BI Pertahankan Suku Bunga Acuan di Level 6,25% pada Juni 2024, Ini Kata Ekonom



KONTAN.CO.ID – JAKARTA. Bank Indonesia (BI) menahan suku bunga acuan atau BI rate di level 6,25% dalam Rapat Dewan Gubernur (RDG) BI 19-20 Juni 2024.

Ekonom Bank Danamon Hosianna Evalia Situmorang menilai, keputusan BI menahan BI Rate karena bank sentral perlu menjaga momentum pertumbuhan ekonomi, khususnya konsumsi rumah tangga. Di samping itu, ia juga menilai kondisi suku bunga saat ini tertinggi sejak Juli 2016.

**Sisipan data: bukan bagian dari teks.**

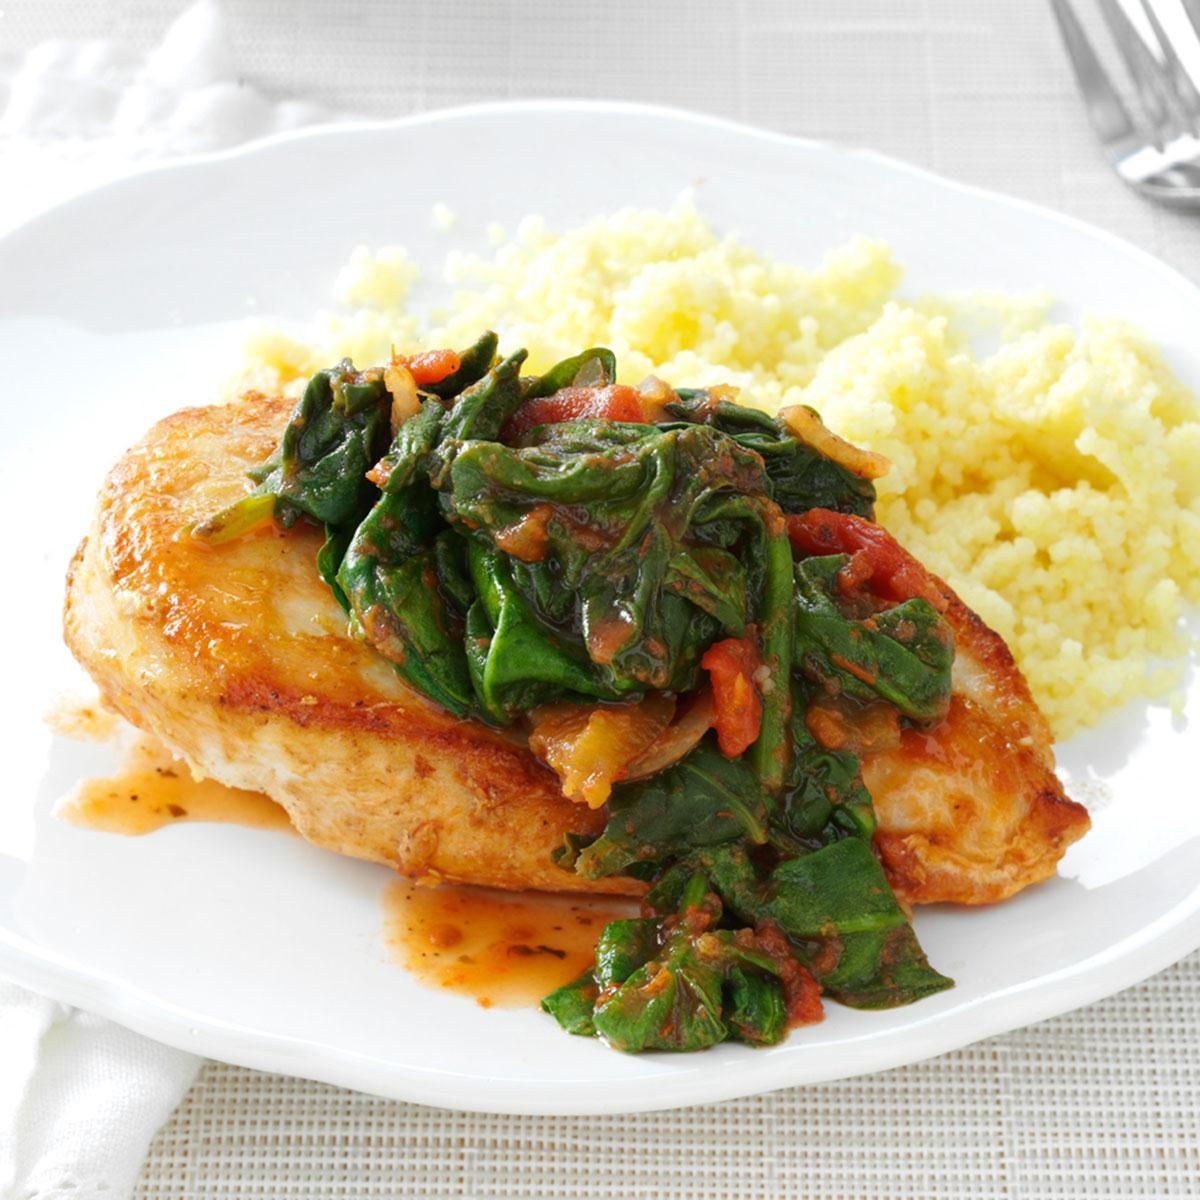 Day 26: In-a-Pinch Chicken & Spinach
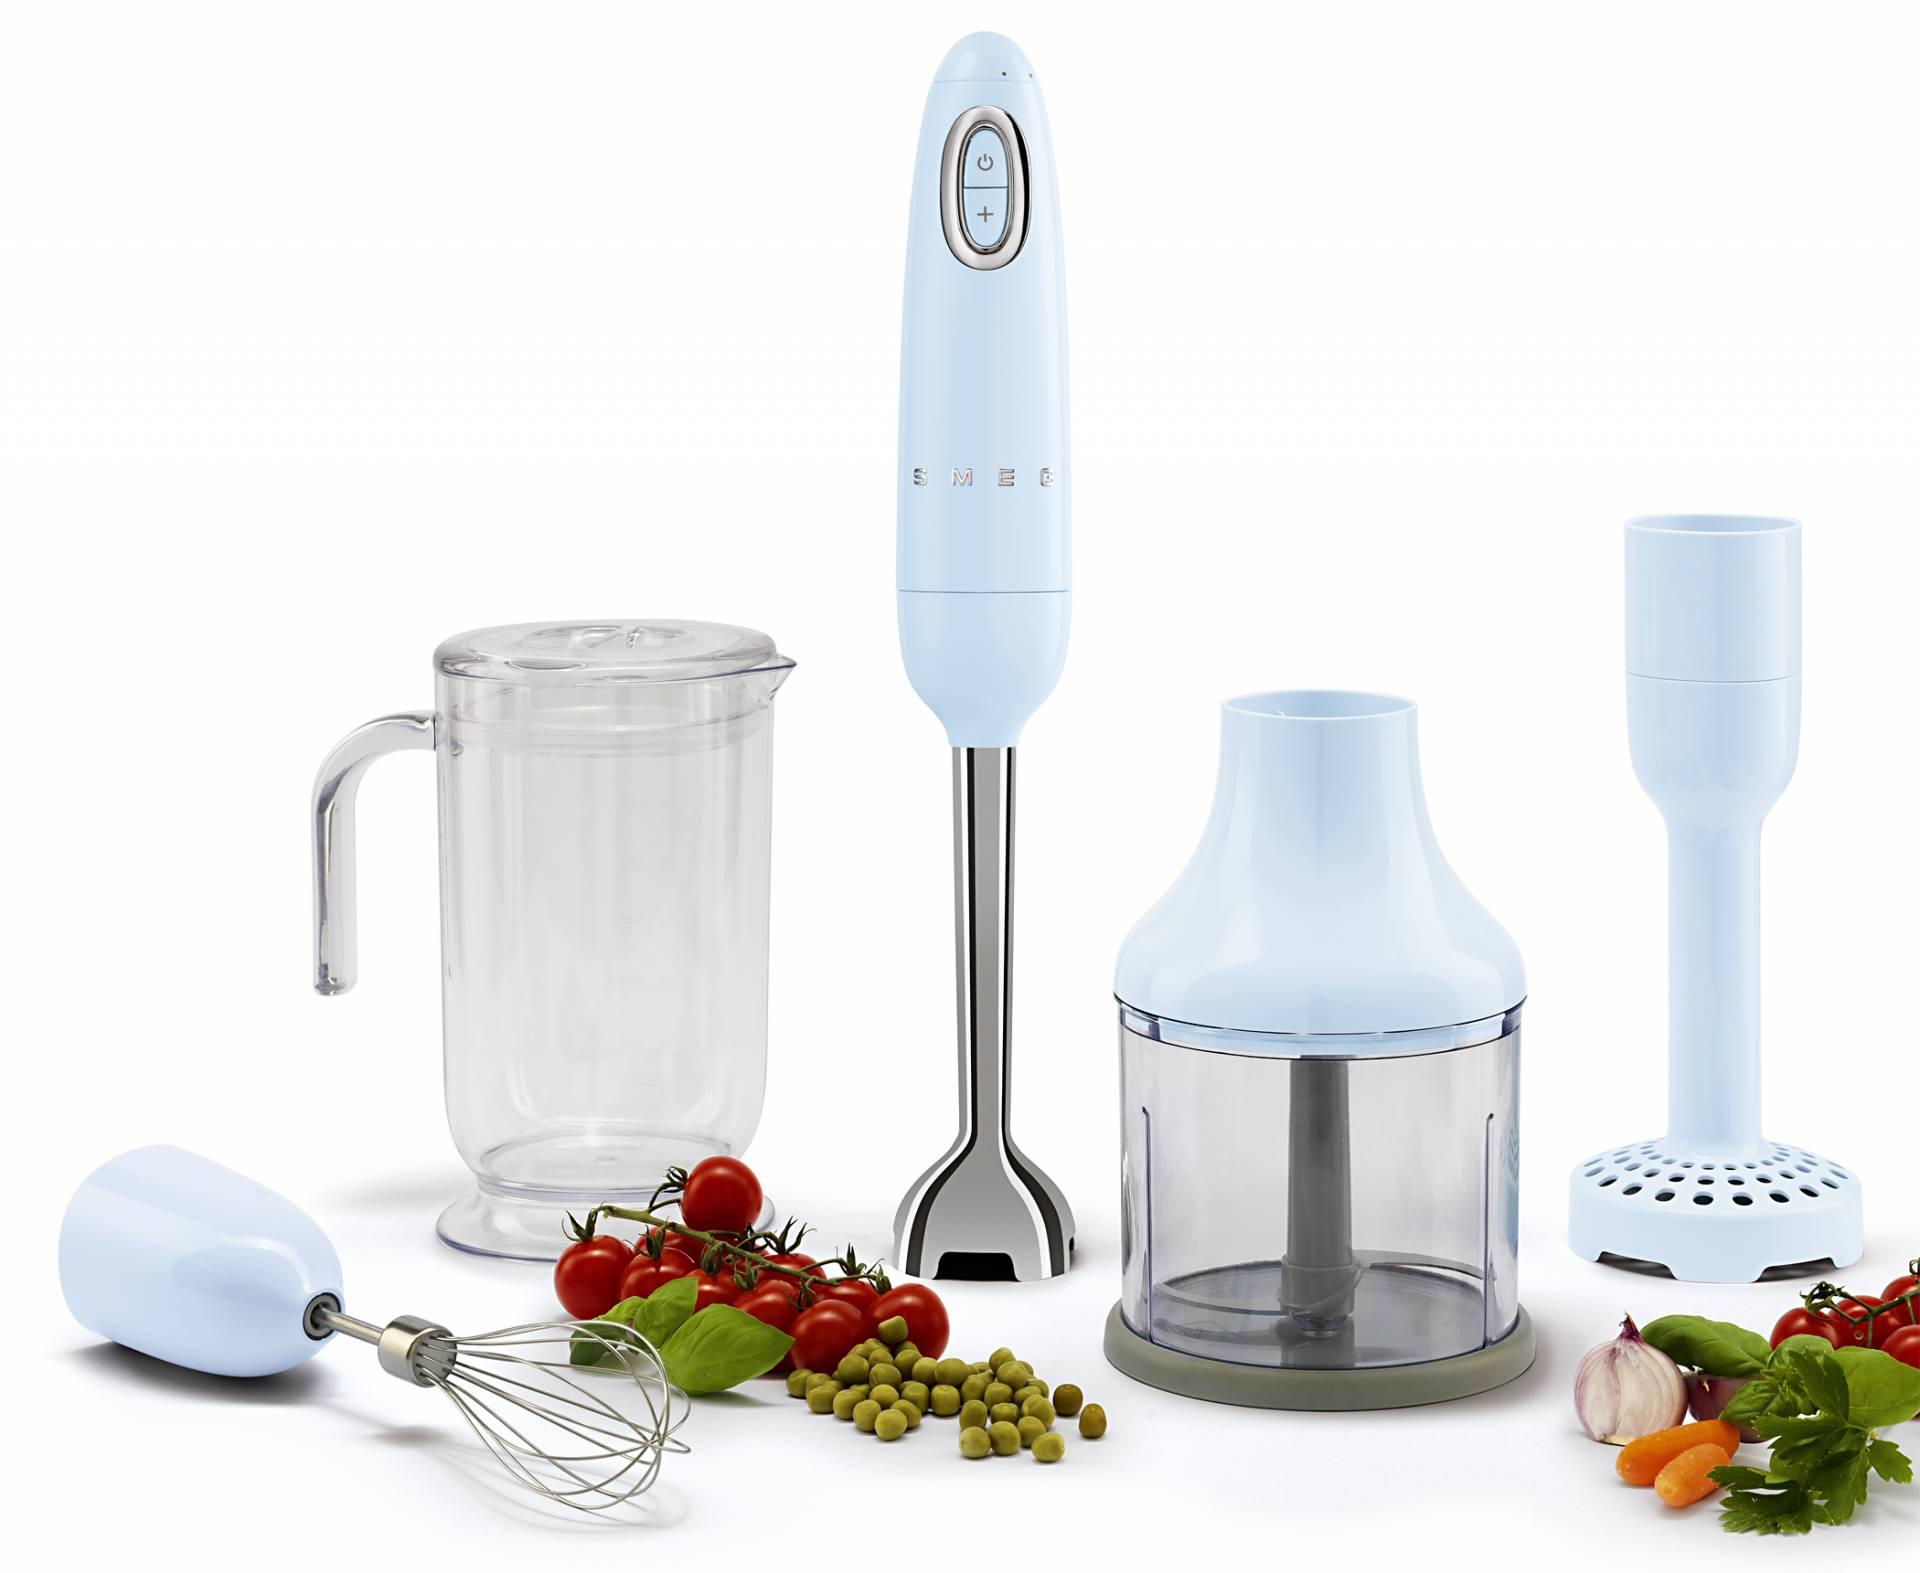 Smeg Kühlschrank Testbericht : Smeg stabmixer set retro

“Di samping itu, inflasi AS dan global juga sudah melandai, ditambah beberapa bank sentral utama sudah cut rate, seperti Asosiasi Bank Koperasi Eropa (EACB) dan Bank of Canada, jadi mendorong optimisme ada ruang The Fed untuk cut rate juga di akhir 2024 ini,” tutur Ana sapaan akrabnya kepada Kontan, Kamis (20/6).


Baca Juga: BI Rilis Kebijakan Makroprudensial Soal Pendanaan Luar Negeri Bank

Dengan faktor global tersebut, Ana meyakini kondisi nilai tukar rupiah pada akhir tahun akan cenderung menguat. Ia memperkirakan, rupiah akan bergerak di level Rp 15.800 hingga Rp 16.400 hingga akhir tahun 2024.

Meski begitu, ia tak memungkiri saat ini kondisi nilai tukar rupiah sedang dalam tren yang melemah dipengaruhi faktor global dan domestik. 

Pelemahan nilai tukar rupiah tersebut juga dipengaruhi oleh dampak tingginya ketidakpastian pasar global, terutama berkaitan dengan ketidakpastian arah penurunan Fed Funds Rate (FFR).

“Pun dipengaruhi penguatan mata uang dollar AS secara luas, dan masih tingginya ketegangan geopolitik. Dari faktor domestik, tekanan pada rupiah juga disebabkan oleh kenaikan permintaan valas oleh korporasi, termasuk untuk repatriasi dividen, serta persepsi terhadap kesinambungan fiskal ke depan,” ungkapnya.

Baca Juga: Bank Indonesia Tahan BI Rate di Level 6,25% pada Juni 2024

Dihubungi secara terpisah, Kepala Ekonom Bank Permata Josua Pardede menyampaikan, bahwa BI mempertahankan suku bunga acuan BI rate di level 6,25%, kemungkinan dengan mempertimbangkan bahwa suku bunga kebijakan saat ini masih konsisten menjangkar ekspektasi inflasi dan menjaga stabilitas nilai tukar rupiah.

“Dalam beberapa minggu terakhir ini, penguatan dolar AS terhadap mata uang utama pada akhirnya juga berdampak pada pelemahan mata uang Asia termasuk rupiah,” kata Josua.

Menurutnya, dari sisi global pelemahan nilai tukar rupiah saat ini yang masih berkisar Rp 16.400 per dolar AS dipengaruhi oleh faktor sentimen global terutama pelemahan mata uang utama termasuk Euro, Yen dan Sterling.